Faubourg Marigny, 31 octobre 2023
400 pages

Thèmes : Lèpre, Maladie, Etats-Unis, Emotions

Mirielle West est mariée à un acteur célèbre du cinéma muet, avec qui elle a eu deux petites filles dont s'occupe fort bien la nourrice, elle porte toujours de jolies tenues assorties avec goût, et un verre de gin se trouve souvent à portée de sa main. Pourtant, sa vie faite de mondanités et d'oisiveté va brusquement prendre fin lorsque son médecin de famille va constater une légère décoloration sur sa main. Mirielle est fâchée, c'était pour une légère brûlure qu'elle l'avait fait mander et lui se concentre sur ça. Pire, il évite son regard, devient distant, l'envoie dans un hôpital où elle est affreusement mal reçue, doit choisir un pseudonyme, est parquée dans une chambre digne d'une cellule avant d'être envoyée en Louisiane dans un train certainement destiné au bétail.

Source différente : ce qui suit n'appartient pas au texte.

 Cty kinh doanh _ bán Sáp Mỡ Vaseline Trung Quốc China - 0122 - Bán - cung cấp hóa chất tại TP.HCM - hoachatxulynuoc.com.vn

Mirielle est passée de l'adulation à l'ostracisation.
Que l’on soit de la bonne société ou de basse extraction, la lèpre ne fait pas de différence et met tous ceux qui ont le malheur d’en être atteint au même niveau de bannissement social, familial, sociétal.
Envoyée dans la colonie de lépreux de Carville, hôpital géré par des Sœurs, il lui faut trouver une raison de survivre surtout lorsque sa tentative d'évasion échoue. 

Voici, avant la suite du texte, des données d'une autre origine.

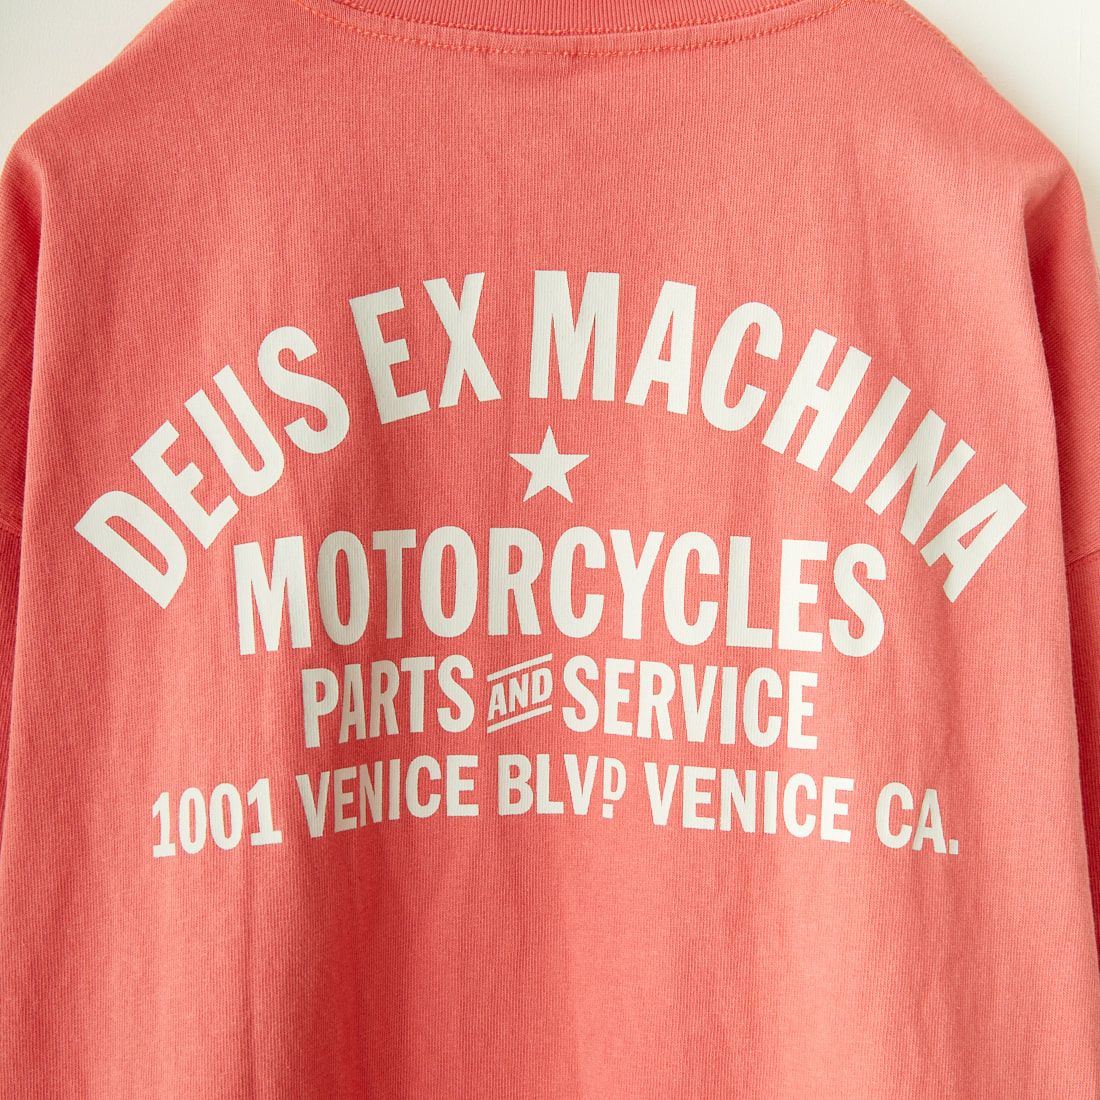 DEUS EX MACHINA [デウス エクス マキナ] VENICE ロングスリーブTシャツ [DMW231931] RED ROSE

Il y a deux types de patients à Carville: ceux qui se considèrent comme déjà morts, et ceux qui ont le cran de réclamer leur place parmi les vivants.

Survivre pour vivre.
Survivre pour retourner en Californie mener sa vie tranquille et confortable, et surtout retourner auprès de ses filles dont elle comprend peu à peu combien elle n'a pas été assez présente quand elle le pouvait, car désormais, elle va rater plein de premières fois et moments. 

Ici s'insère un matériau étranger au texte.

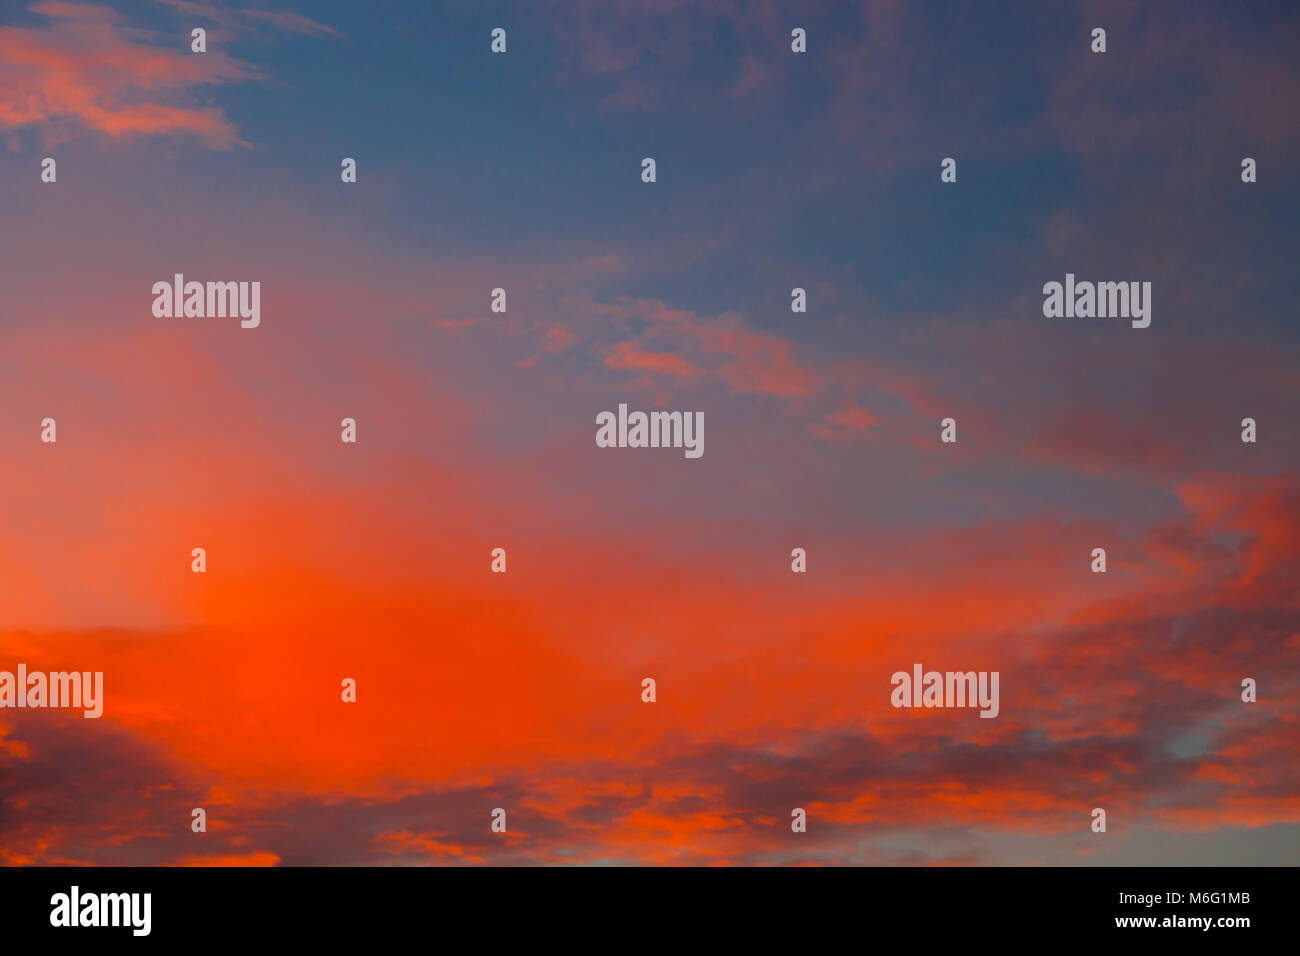 Dramatischer Sonnenuntergang Himmel mit Wolken in kräftigen Rot- und Orangetönen gestrichen Stockfoto

Pour espérer sortir, il lui faut avoir douze tests mensuels négatifs d'affilée.
Pour passer le temps et avoir une raison de survivre, Mirielle va décider de se rendre utile malgré ses désillusions sur son potentiel d'aide possible.
Et pour commencer, il lui faut apprendre à connaître, à voir, à ressentir cette maladie.
A l’accepter dans toutes ses formes et manifestations.
Et à connaître ceux qui en sont atteints. Car derrière les Lépreux, il y a des individus, des humains, des gens comme elle qui ont eu une vie, des espoirs, des illusions, des douleurs.
Les mois passent et Mirielle gagne en humilité, en humanité.
Son portrait s'affine, son histoire se dévoile et révèle des souffrances, des fragilités, des forces aussi.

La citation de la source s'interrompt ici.